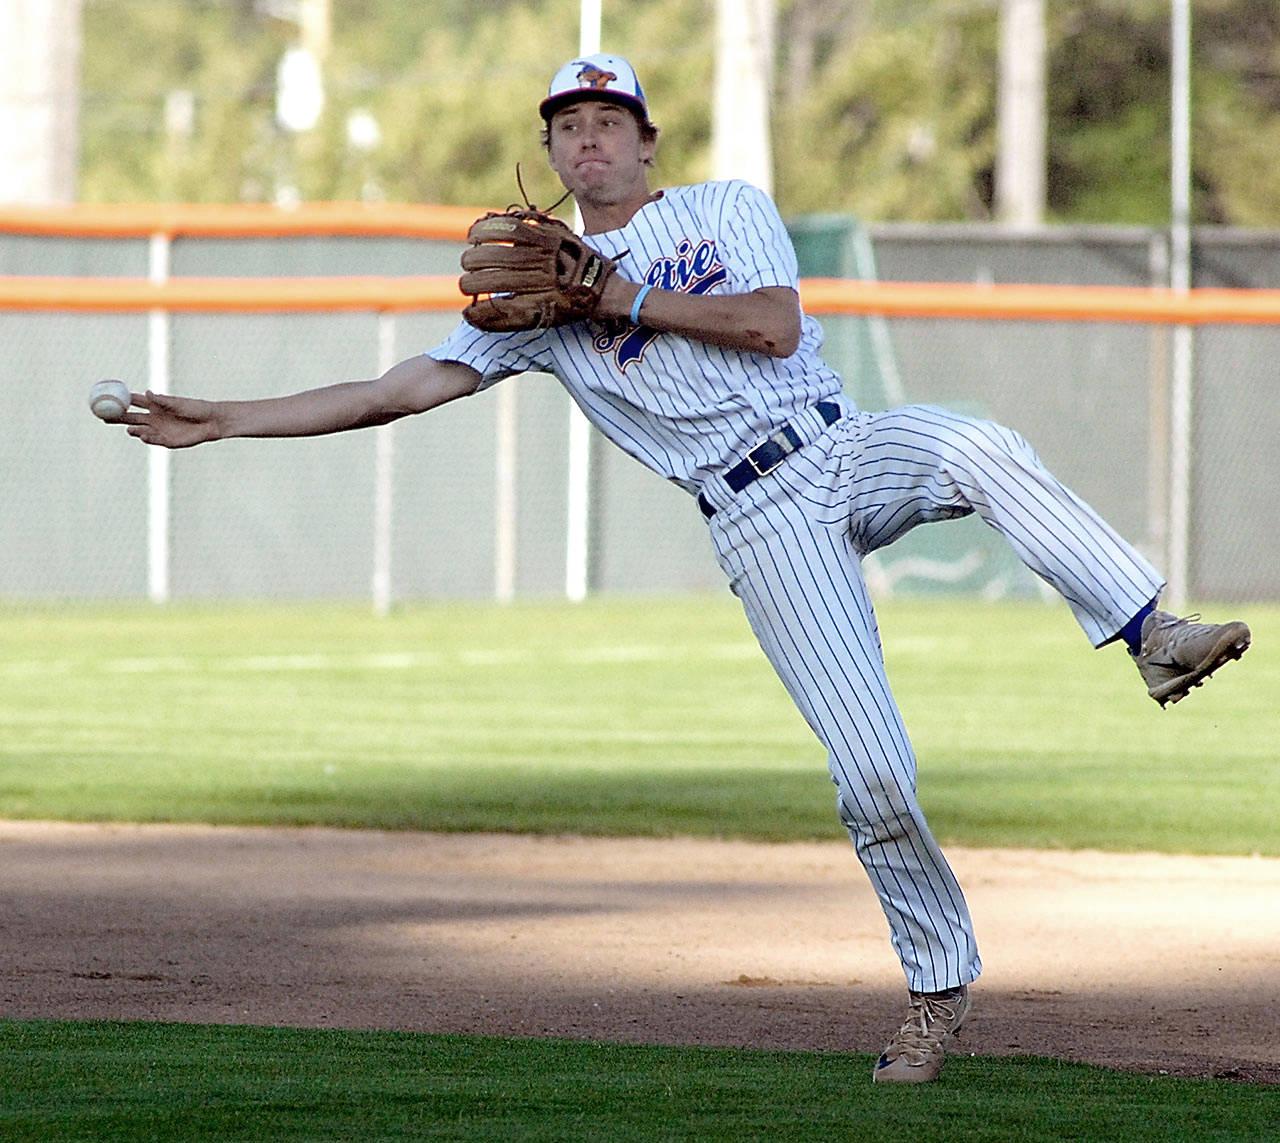 Keith Thorpe/Peninsula Daily News Lefties shortstop Trevor Rosenberg makes an off-balance throw to first on Friday evening at Port Angeles Civic Field.
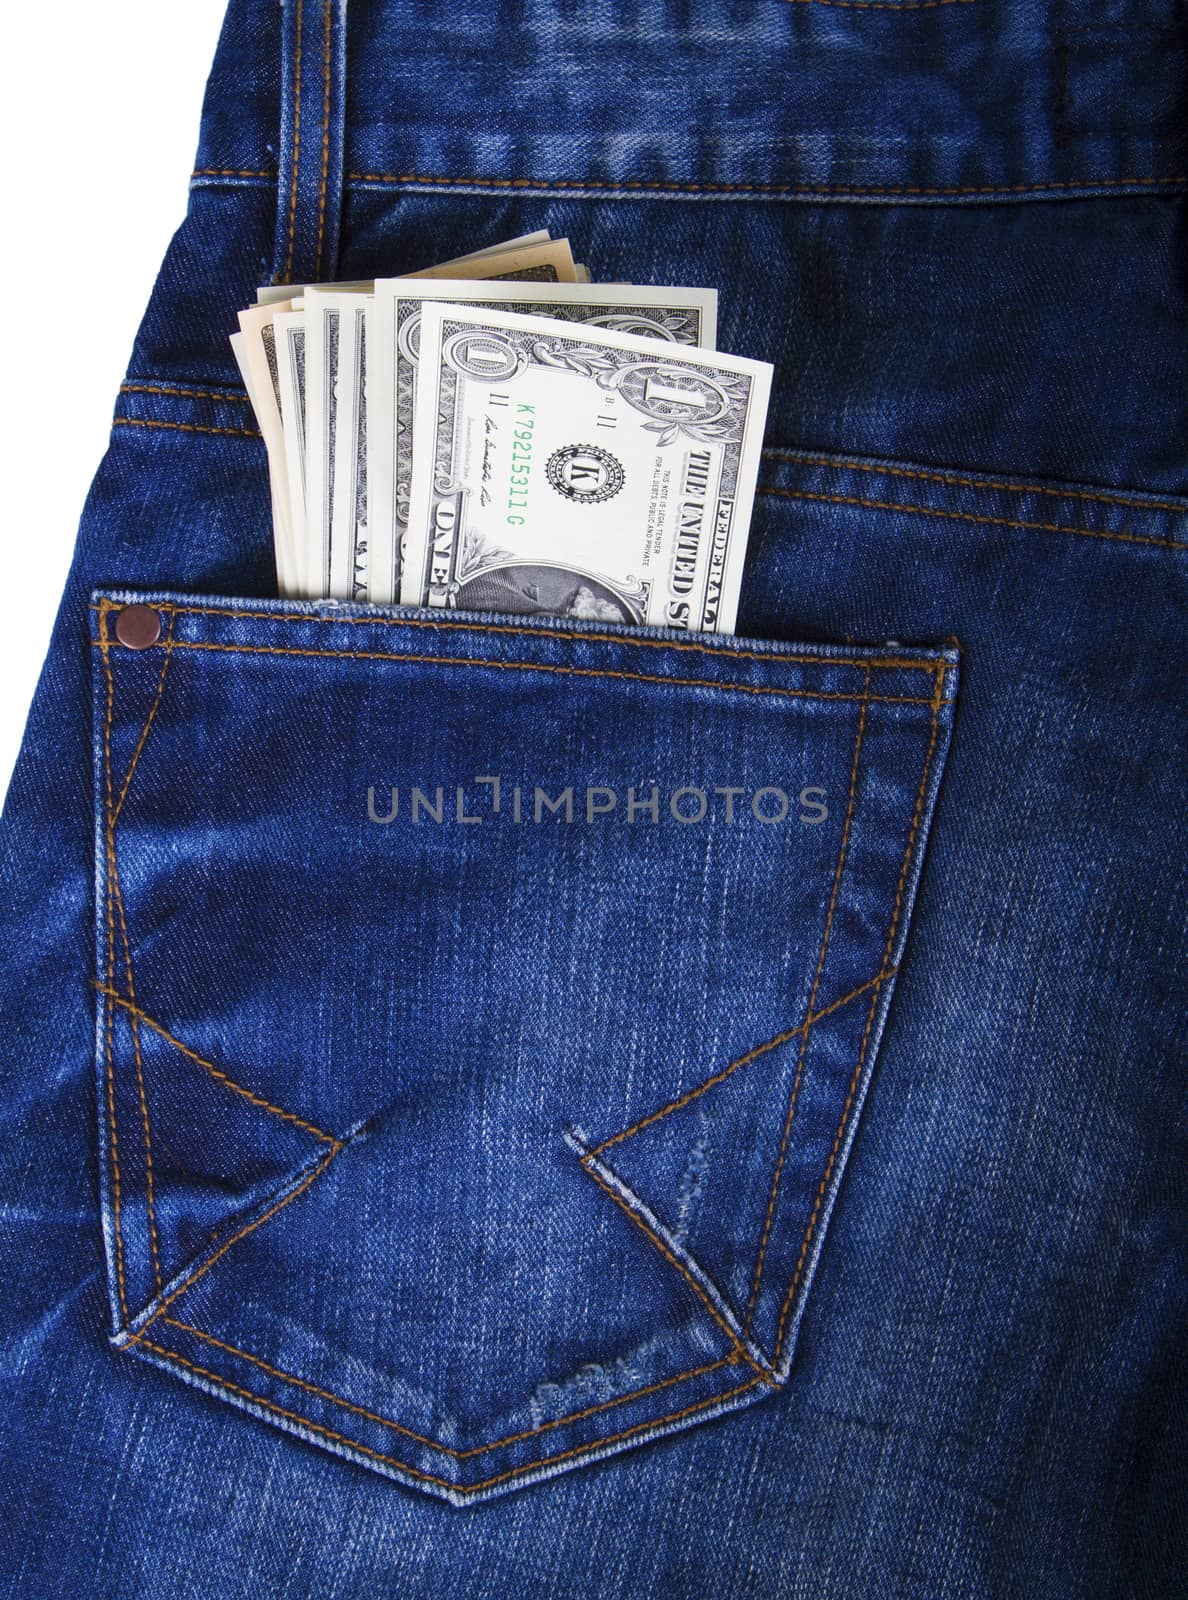 Dollar bill sticking out from a blue jean pocket
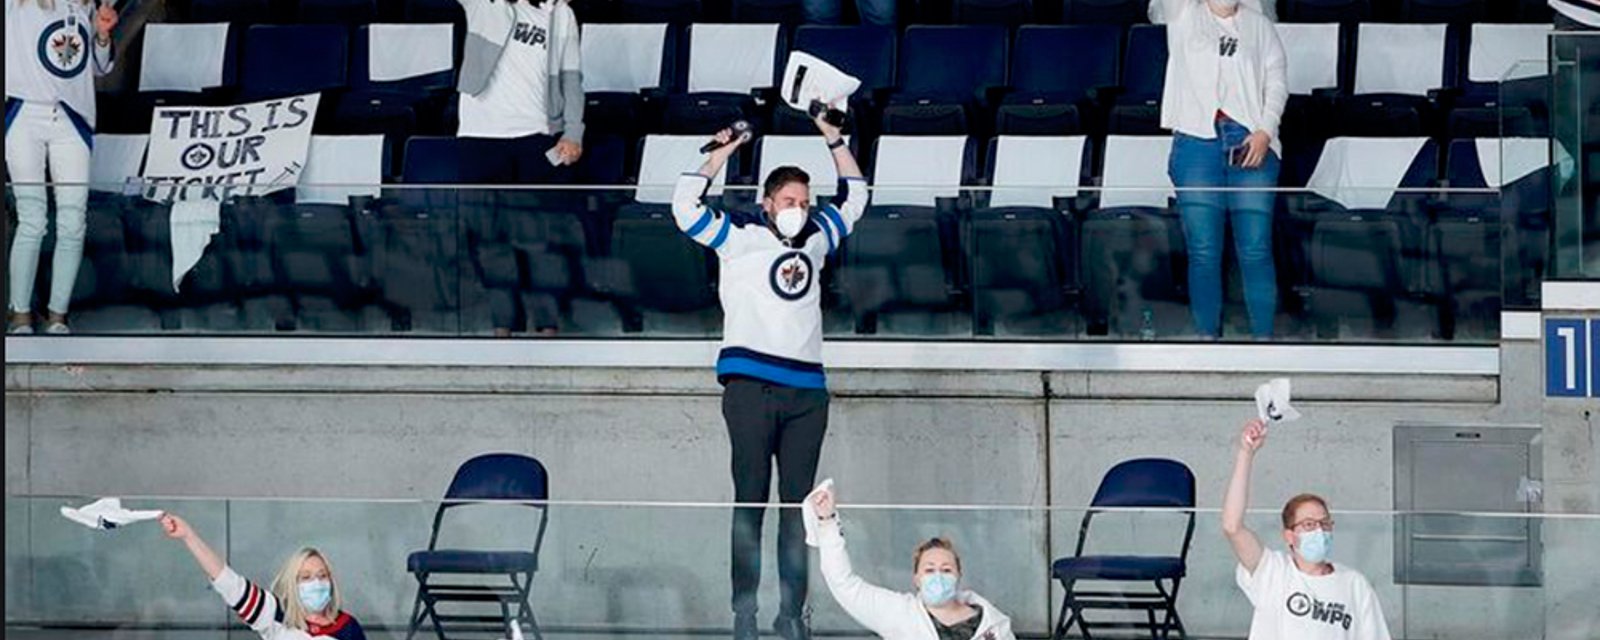 Winnipeg Jets announce fan vaccination policy for attendance at home games

--

- **ASSIGNED TASK**
Write out an exact reproduction of the lines from the line that holds "Dollar bill sticking" to the bottom of the listing above, both ends included. Exclude pictures.

- **THE COMPLETED TASK**
 Dollar bill sticking out from a blue jean pocket
 Winnipeg Jets announce fan vaccination policy for attendance at home games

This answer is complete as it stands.